I’d probably suggest embedding community developed queries in your study codebase unless that SQL is part of an analytic package that has a release and a maintainer. i.e. you can “import” a package/function but for some sql script you should copy and paste it into your study.

What is the relationship between ATLAS and HADES?

Atlas and Hades share common baseline components. These would be SqlRender for SQL translation and Circe-be for cohort SQL generation. Atlas has some functionality that does not exist in Hades and Hades has quite a lot of functionality that is not available in Altas. Basically there are some lower level java libraries that are imported by both Hades and Atlas, the main ones being SqlRender, Circe, and FeatureExtraction. Hades development tends to move faster than Atlas development.

The Hades developers have been working on a new framework called Strategus for modularized studies that kind of wraps various Hades packages so that’s something to look at.

I’ve been working on a package for Darwin called CDMConnector that provides a low code interface to the CDM you can use to get patient level data with another package called PatientProfiles.

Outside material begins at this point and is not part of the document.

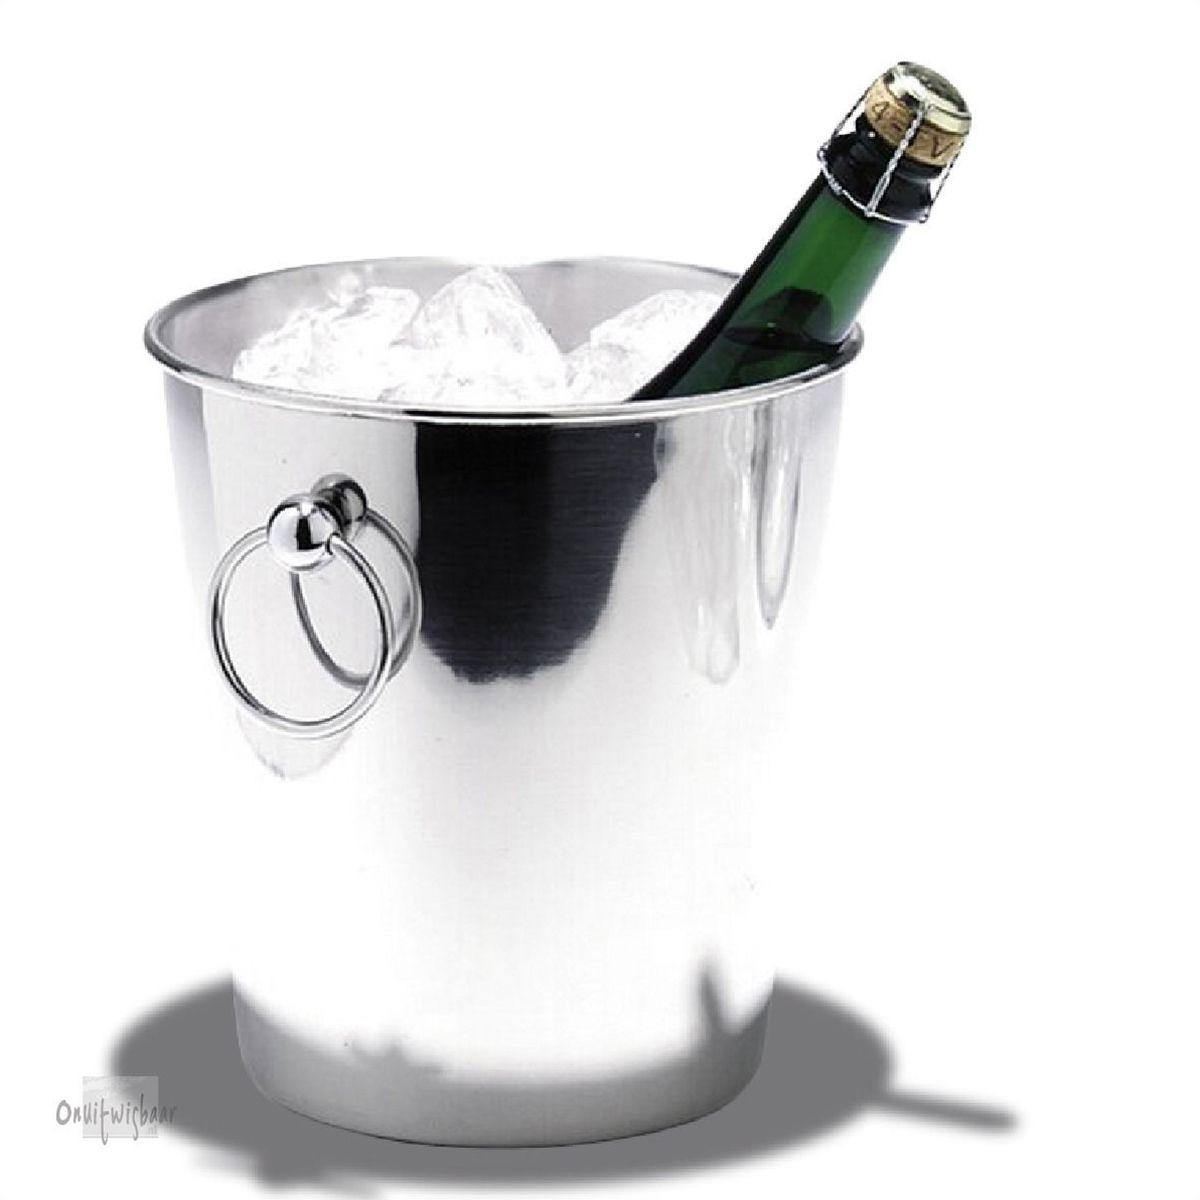 champagnekoeler op standaard

These packages are not part of Hades because they have overlapping functionality with existing packages.

In short there are lots of tools out there (on github). Happy to help you get the lay of the land and figure out what will work best for your use cases.


HADES aims to promote (enforce?) best practices, so in general I recommend following HADES workflows. So here’s how I would answer this question:

How often should custom SQL needed to implement patient level variables?

Ideally never. You can define populations of interest (cohorts) using Capr or ATLAS cohort definitions. FeatureExtraction has a large collection of standard patient variables (aka ‘features’ or ‘covariates’) it created by default for your cohorts. If you want something not included in FeatureExtraction’s default set, you can now create features based on cohorts (as described here).